Камилла Лэкберг - Ангелотворец
— Уверена, что не хочешь с нами? Боязно как-то оставлять тебя одну после всего, что случилось вчера, — сомневался Дан.
— Ничего страшного. Будет неплохо побыть в тишине пару дней, — Анна послала супругу умоляющий взгляд, чтобы он понял и не обижался.
— Я понимаю, милая. Тебе не нужно объяснять. Отдыхай и позаботься о себе. Ешь, плавай, гуляй, делай покупки. В общем, делай что хочешь, главное, чтобы дом устоял до нашего возвращения, — пошутил он, обнимая жену на прощание, и вернулся к сумкам.

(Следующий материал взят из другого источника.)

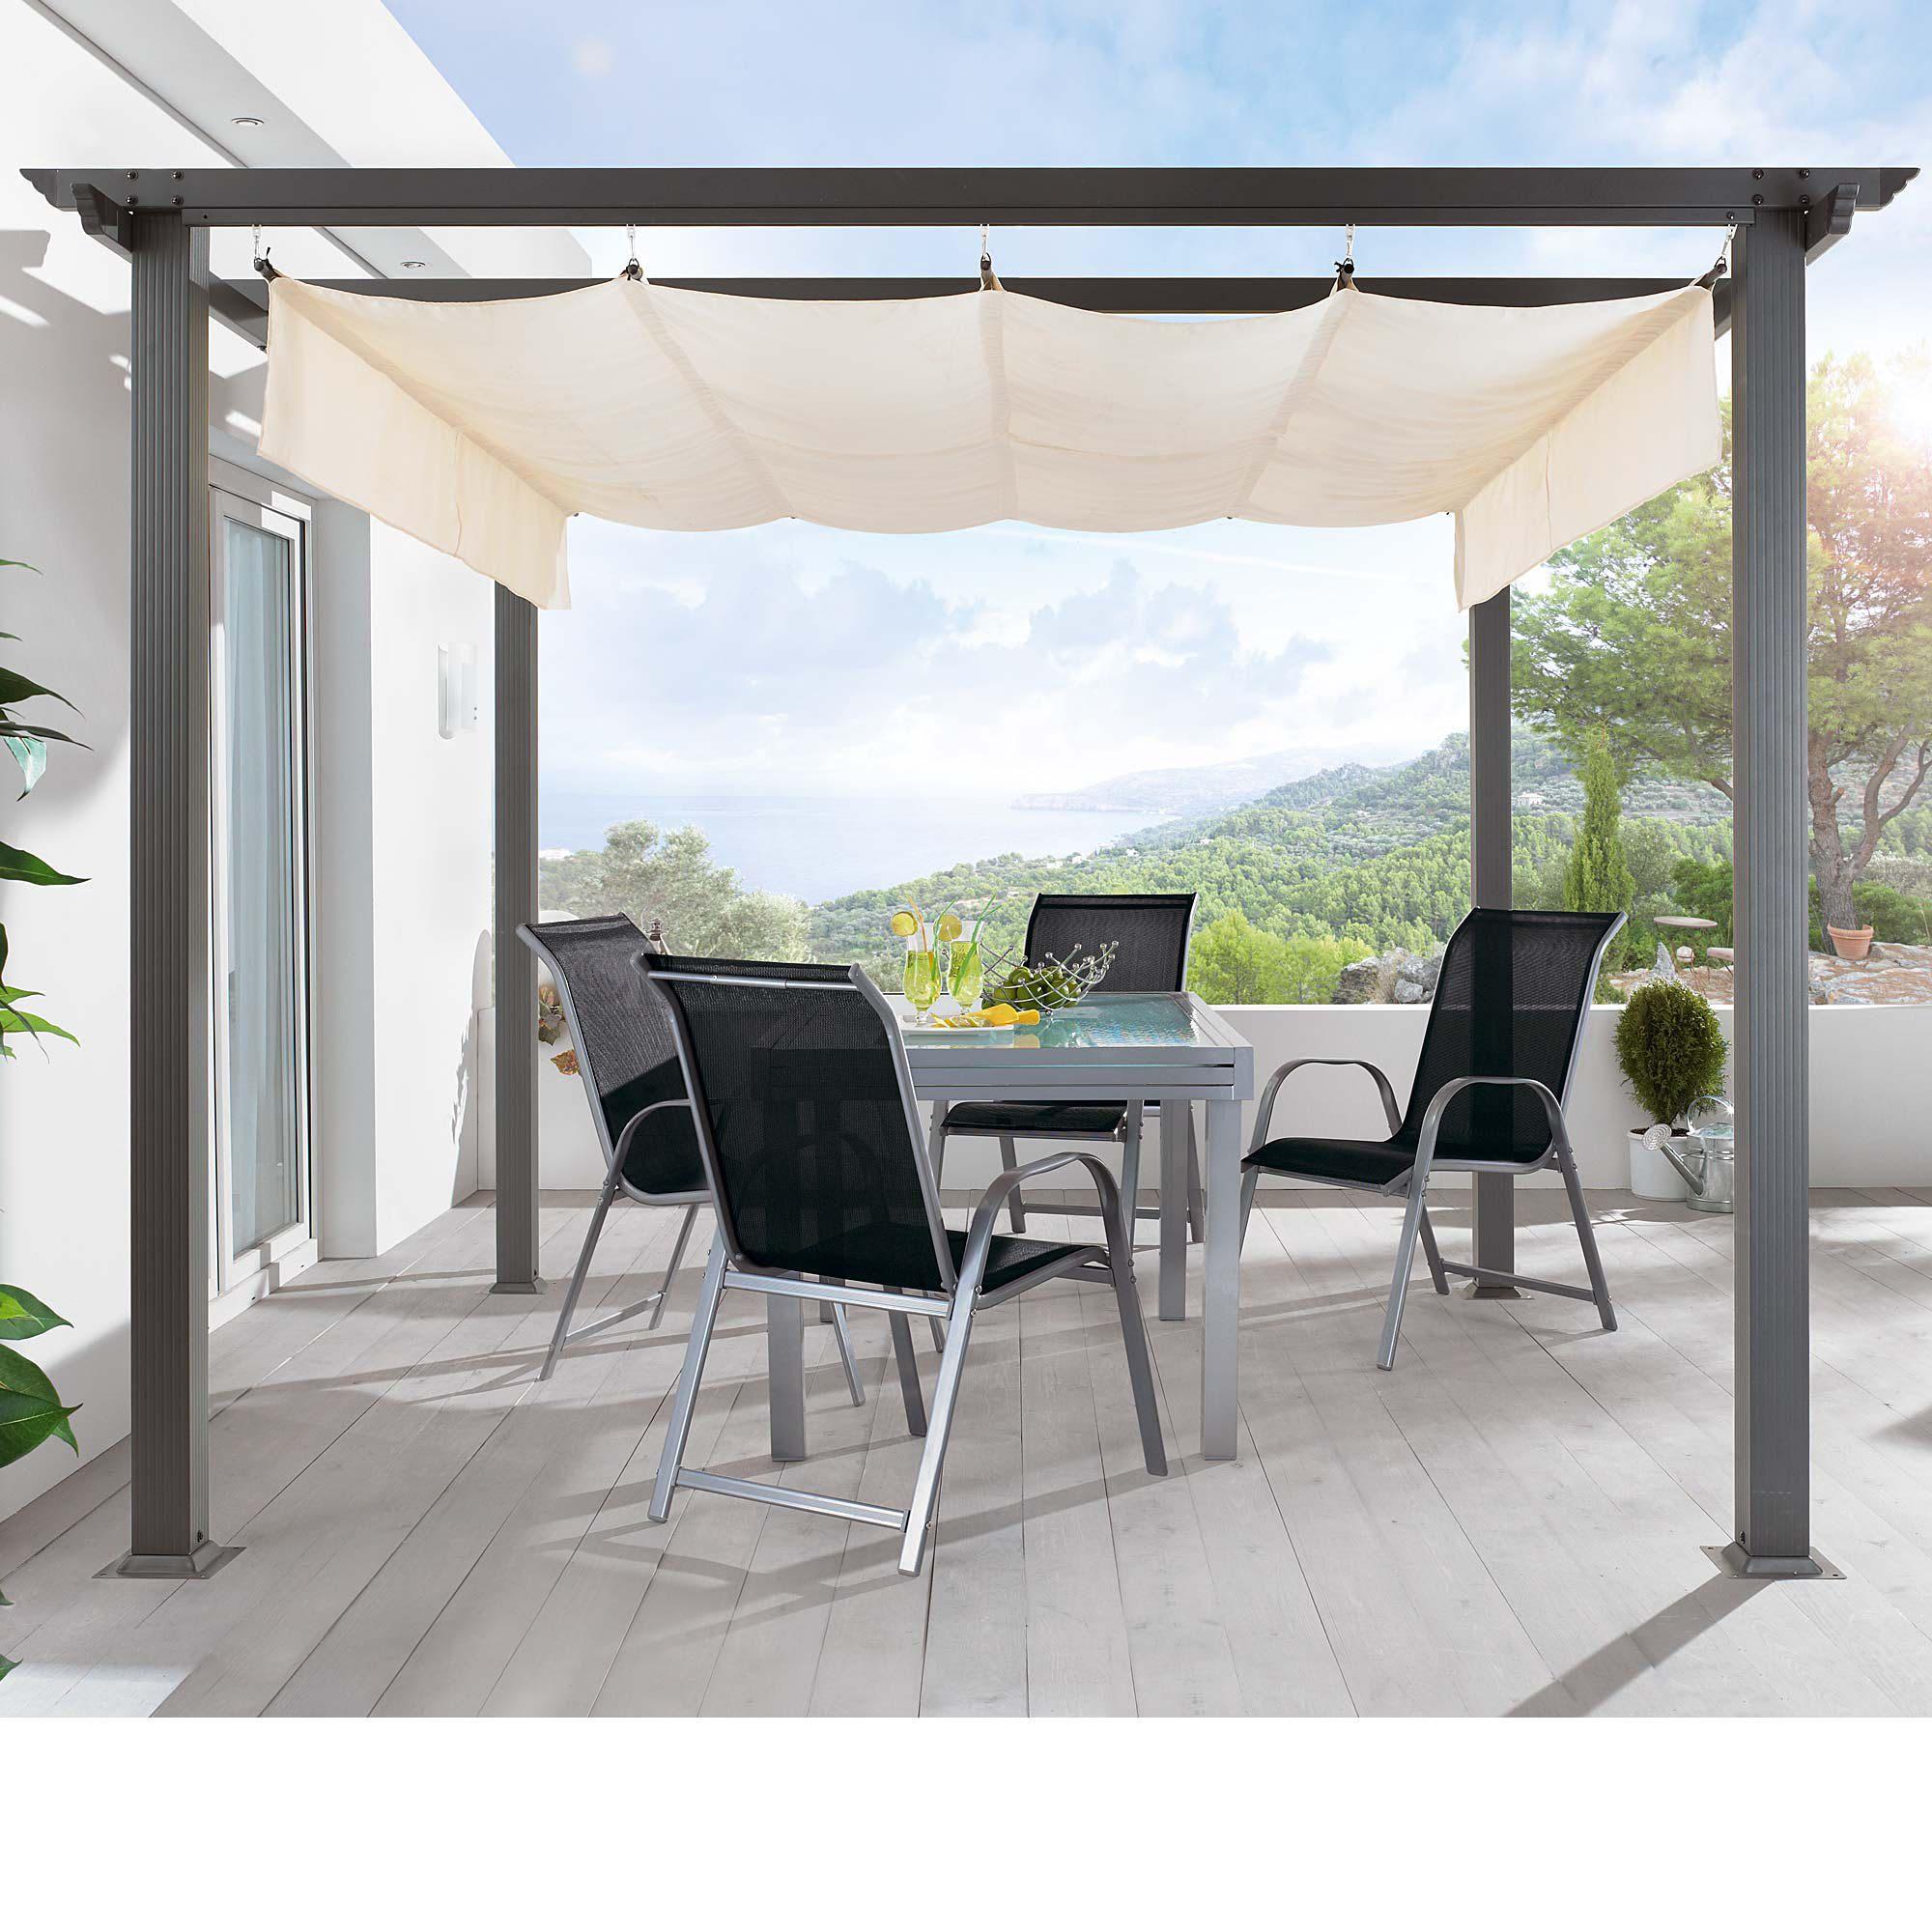 Dach Für Pergola design pergola alu pulverbeschichtetes aluminium dach 100 polyester
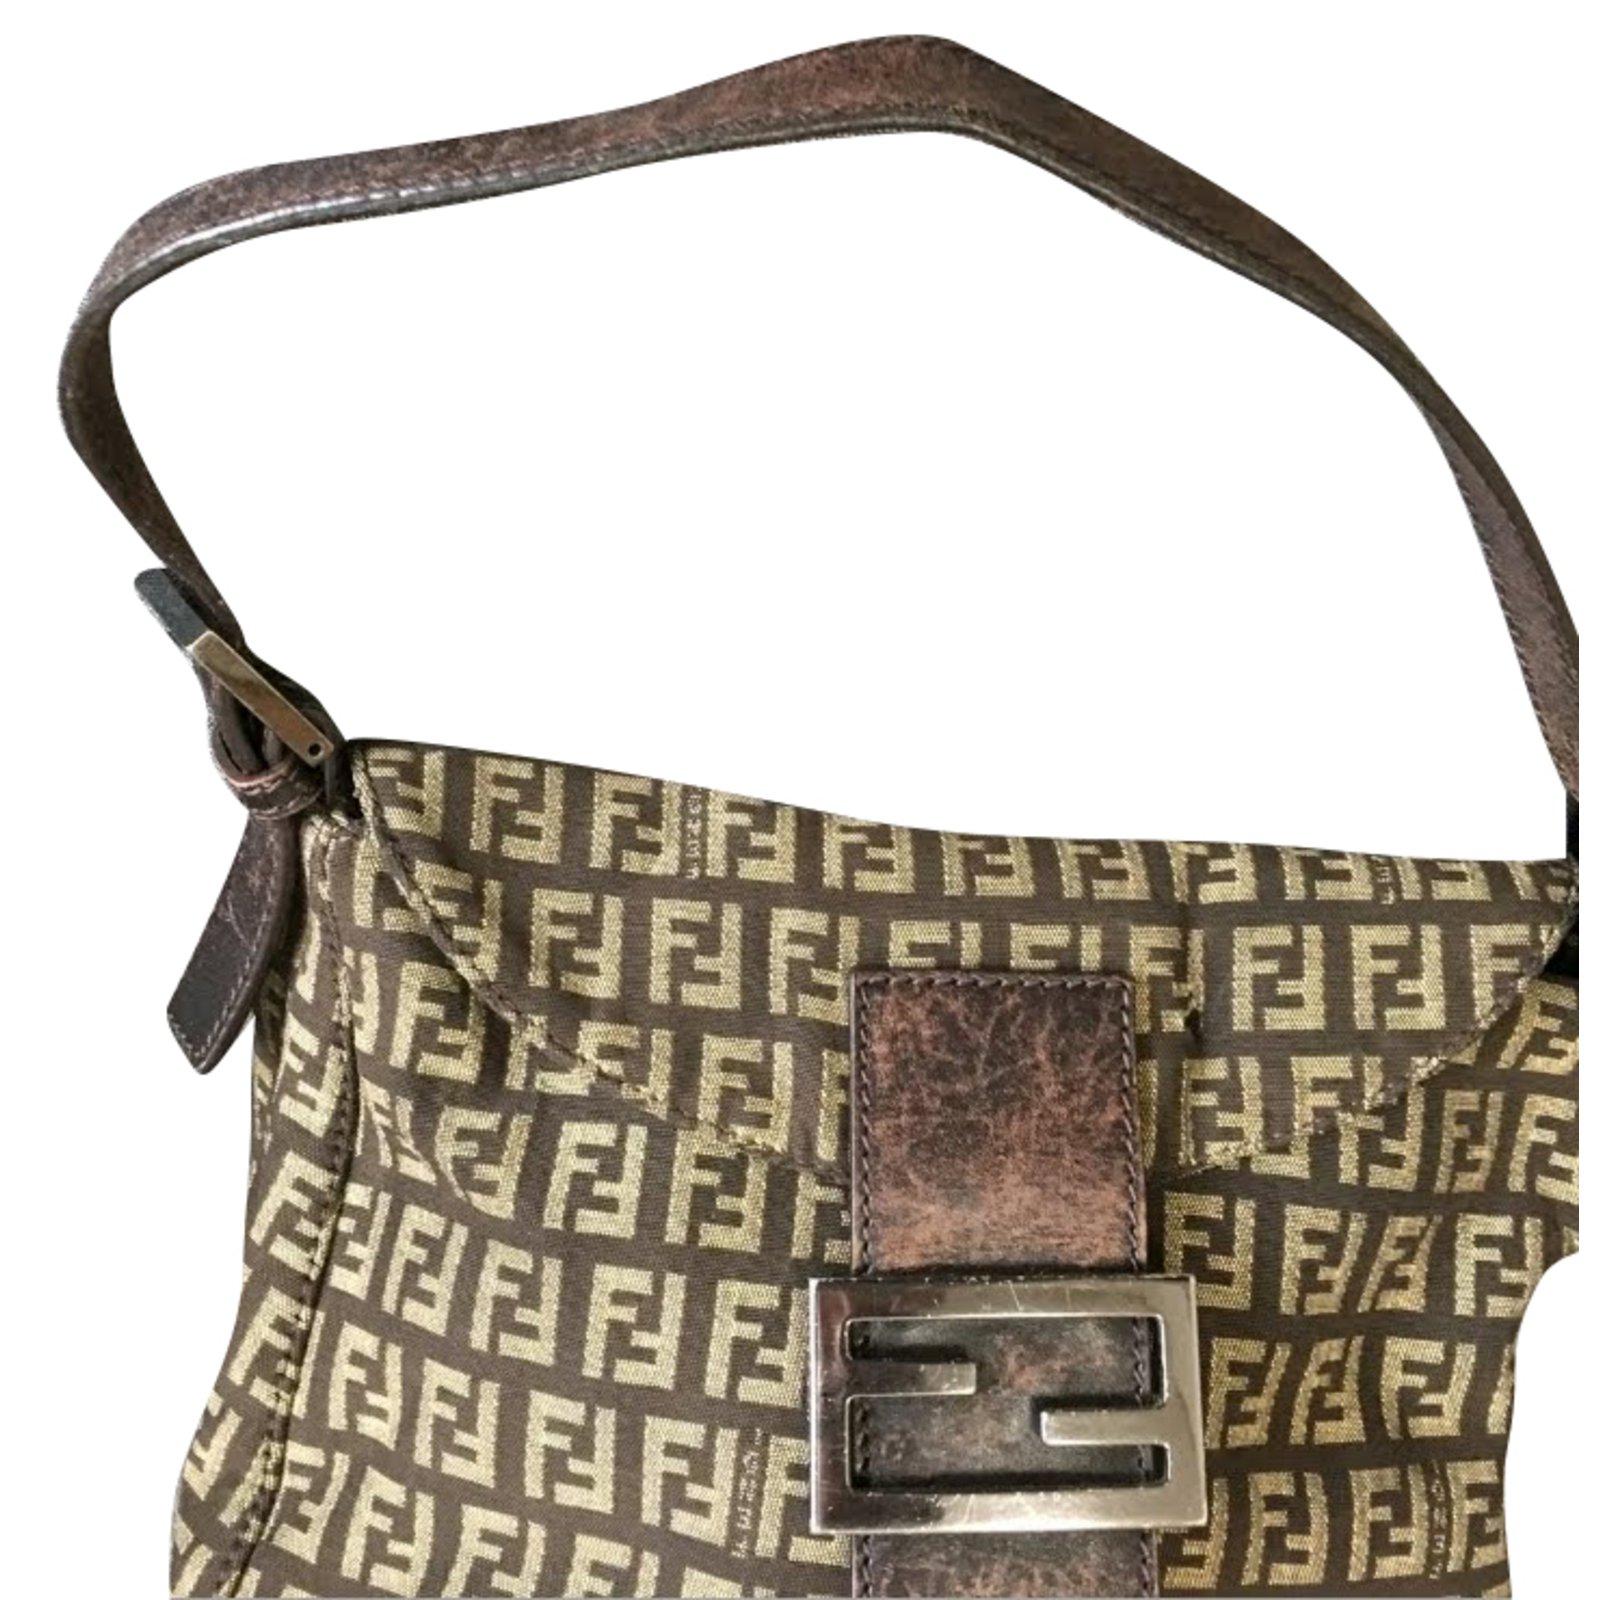 3790bfc699ee ... promo code fendi mama zucca bag handbags leathercotton brown ref.82530  47e10 2b290

Горло сдавило. Анна чуть не сказала, что передумала, но прикусила язык. Ей необходимо было время, чтобы поразмышлять, и не только о том, что случилось вчера. Нужно было подумать о том, что будет дальше. Нельзя жить, постоянно оглядываясь назад. Пора принять решение. Отбросить прошлое и смотреть в будущее.
— Почему ты не едешь с нами? — потянула ее за рукав Эмма.
Анна присела на корточки перед дочкой. Поразительно, как та выросла за весну! Уже совсем большая стала…
— Я же тебе говорила, что у меня много дел… — стала объяснять девочке мать.
— Но мы же пойдем в Лисеберг! — Эмма посмотрела на нее как на безумную. Наверное, в мире восьмилетних детей никто добровольно не отказывается от похода в парк развлечений.
— В следующий раз я обязательно с вами поеду, — пообещала Анна. — И ты же знаешь, какая я трусиха. Я боюсь кататься на каруселях. Ты гораздо смелее меня.
— Конечно! — гордо вытянулась девочка. — Я поеду даже на тех, на которых боится кататься папа.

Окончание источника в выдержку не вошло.